# ASSIGNMENT:
Make an exact copy of the data below, leaving out every picture.

# DATA:
********

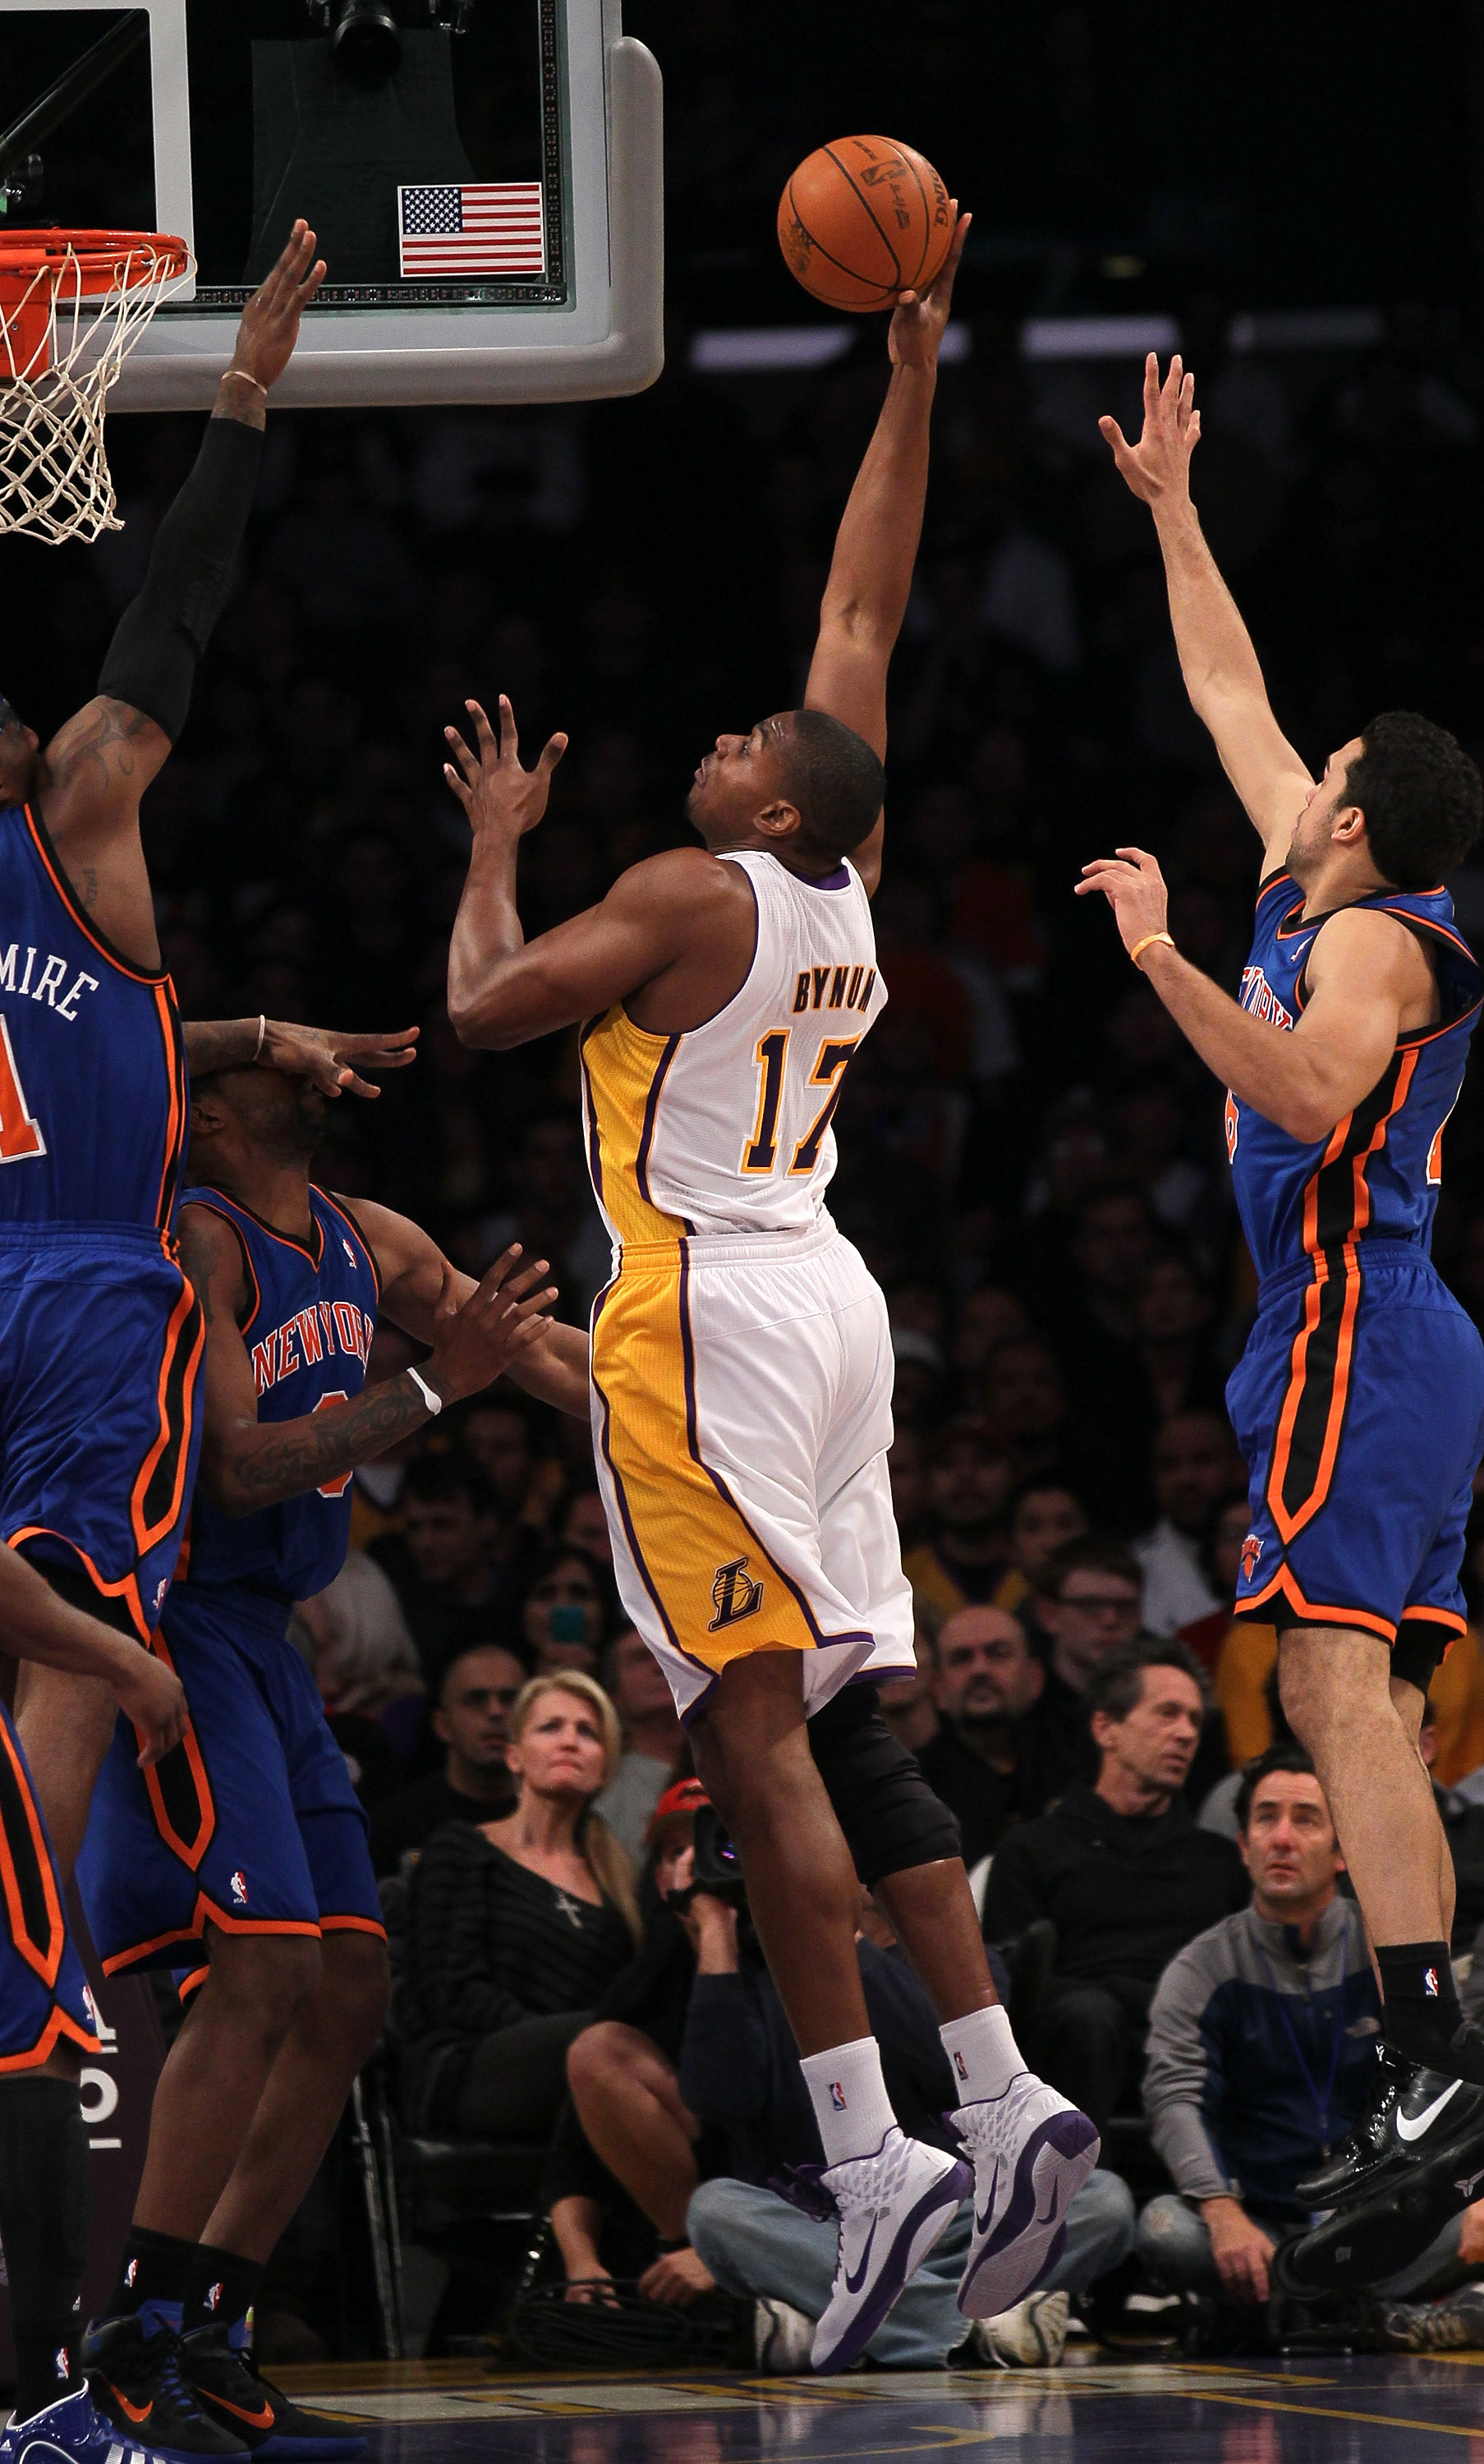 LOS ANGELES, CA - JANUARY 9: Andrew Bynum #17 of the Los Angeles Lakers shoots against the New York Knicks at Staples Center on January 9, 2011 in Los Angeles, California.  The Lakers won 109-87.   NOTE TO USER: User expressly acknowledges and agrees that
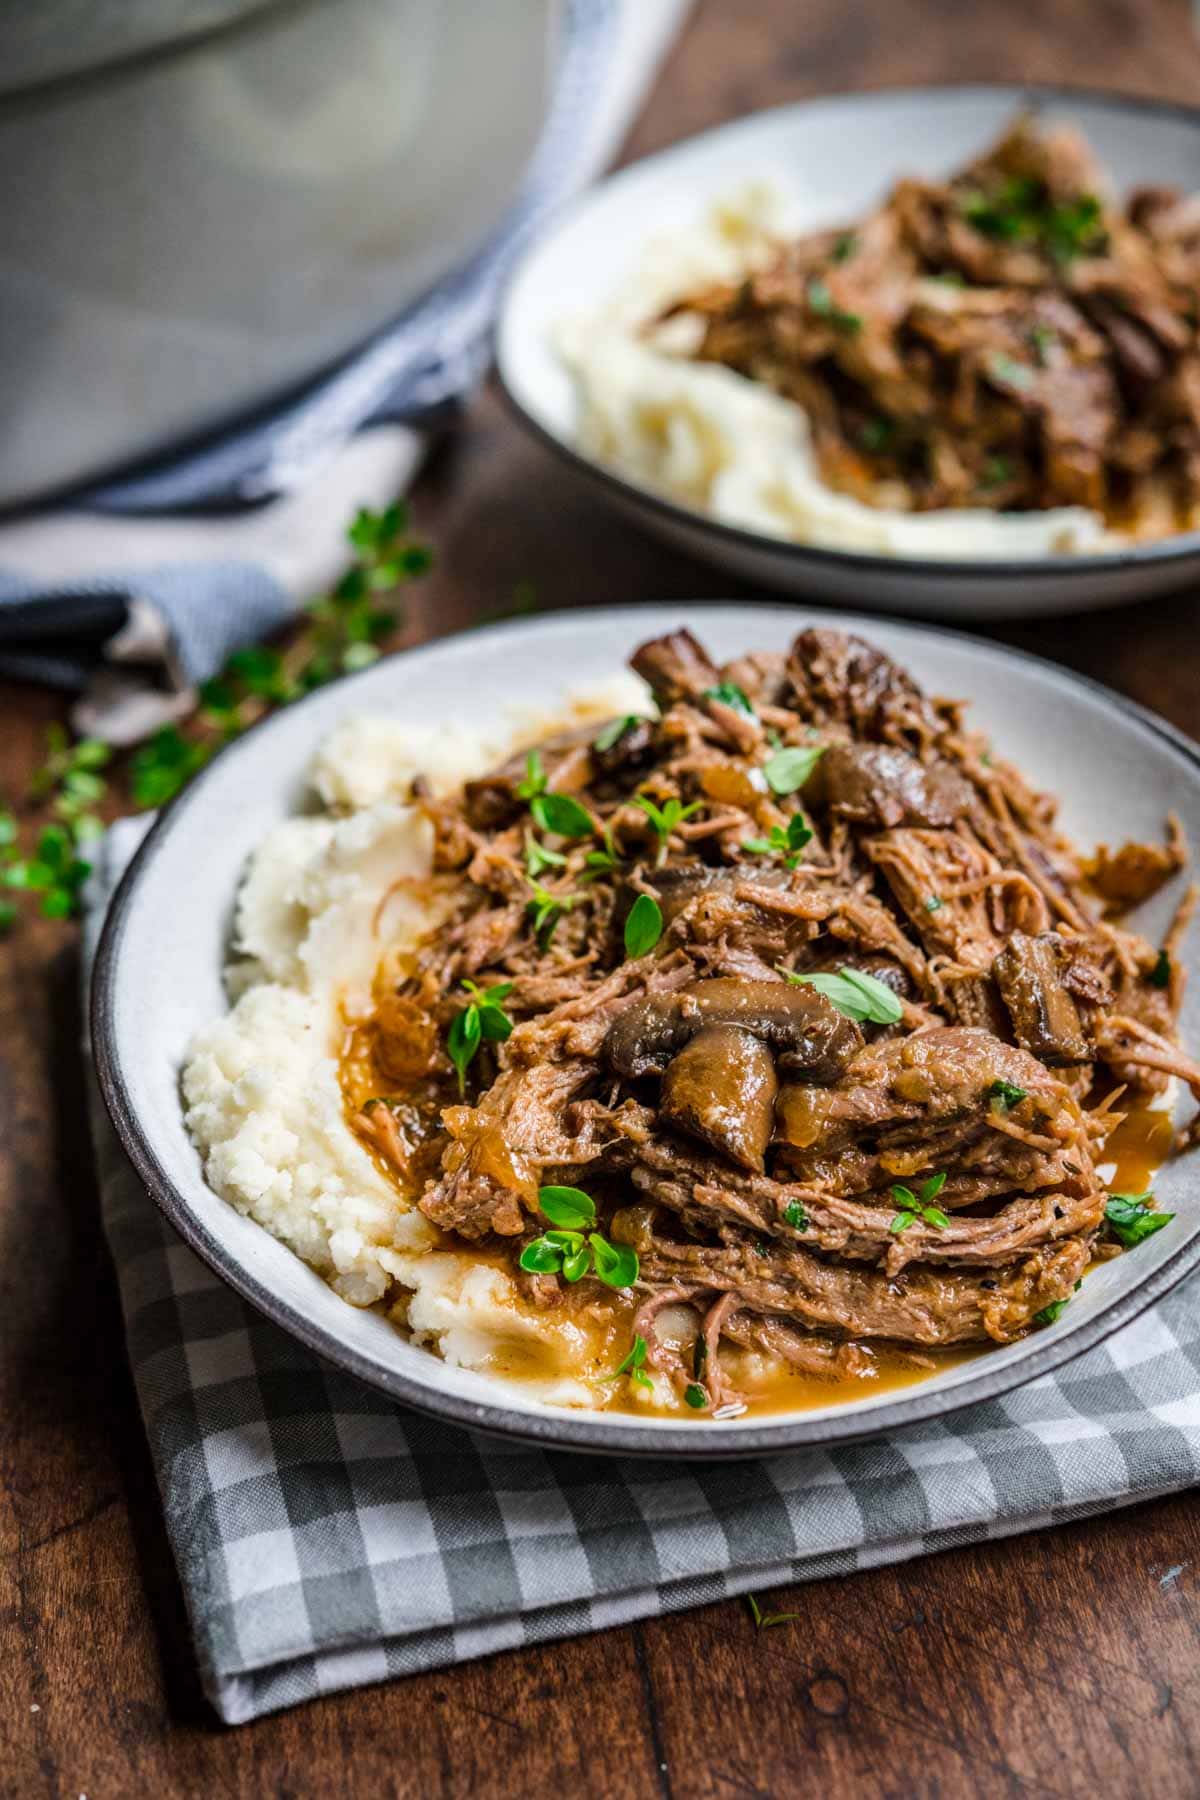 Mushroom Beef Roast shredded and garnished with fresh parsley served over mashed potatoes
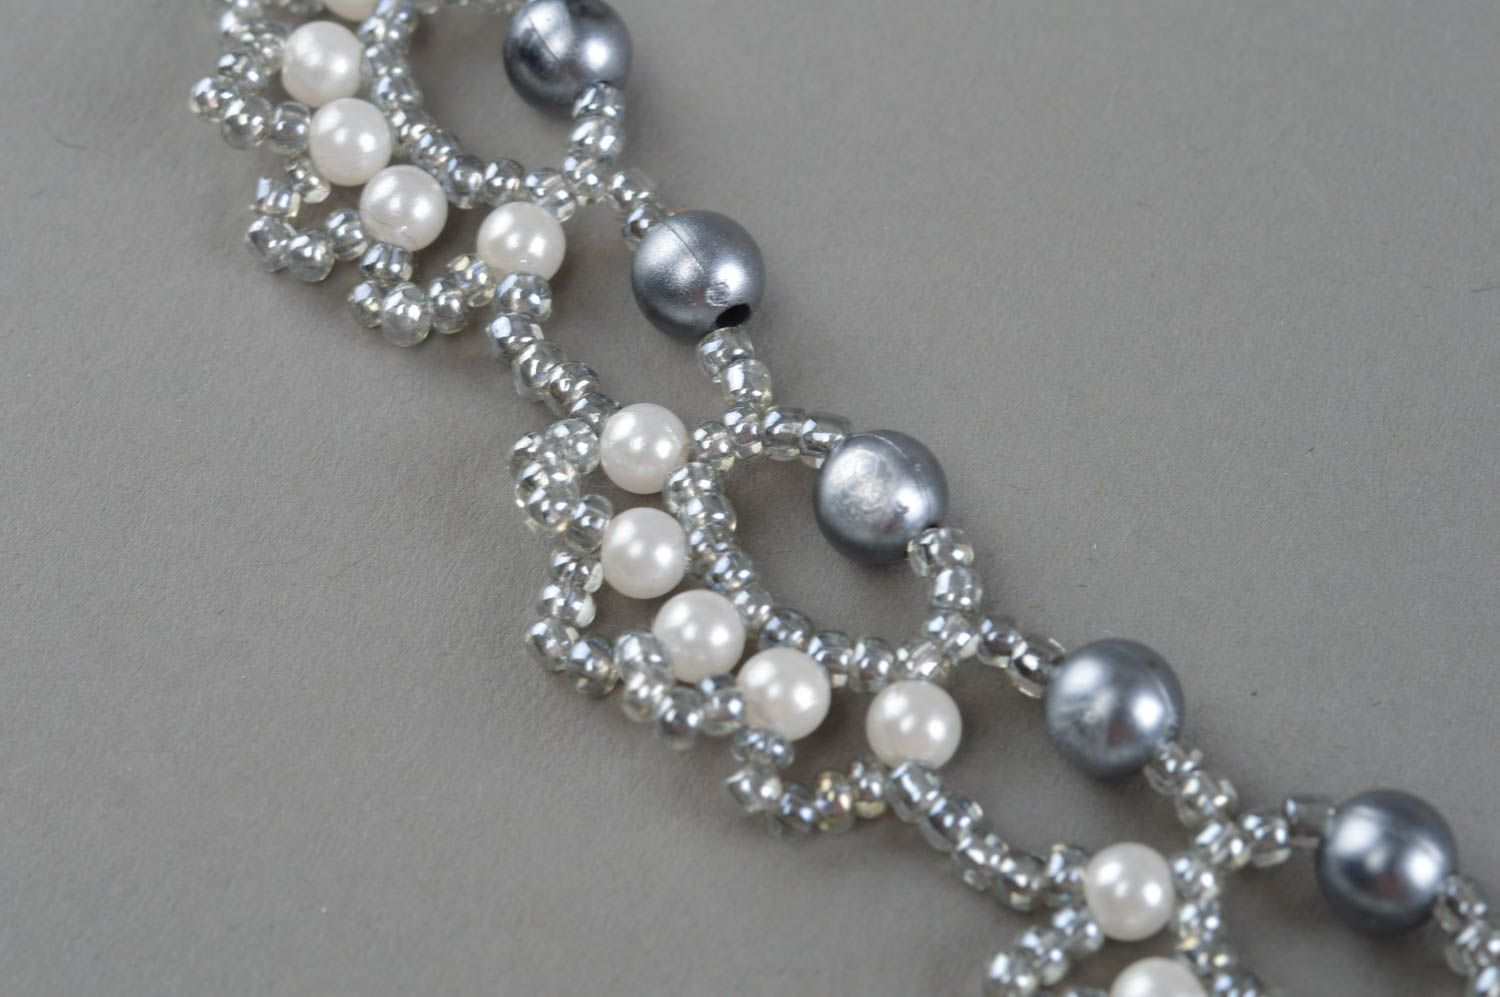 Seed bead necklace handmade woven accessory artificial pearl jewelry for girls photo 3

********

# SOLUTION TO THE EXERCISE:
 LOS ANGELES, CA - JANUARY 9: Andrew Bynum #17 of the Los Angeles Lakers shoots against the New York Knicks at Staples Center on January 9, 2011 in Los Angeles, California.  The Lakers won 109-87.   NOTE TO USER: User expressly acknowledges and agrees that
 Mushroom Beef Roast shredded and garnished with fresh parsley served over mashed potatoes
 Seed bead necklace handmade woven accessory artificial pearl jewelry for girls photo 3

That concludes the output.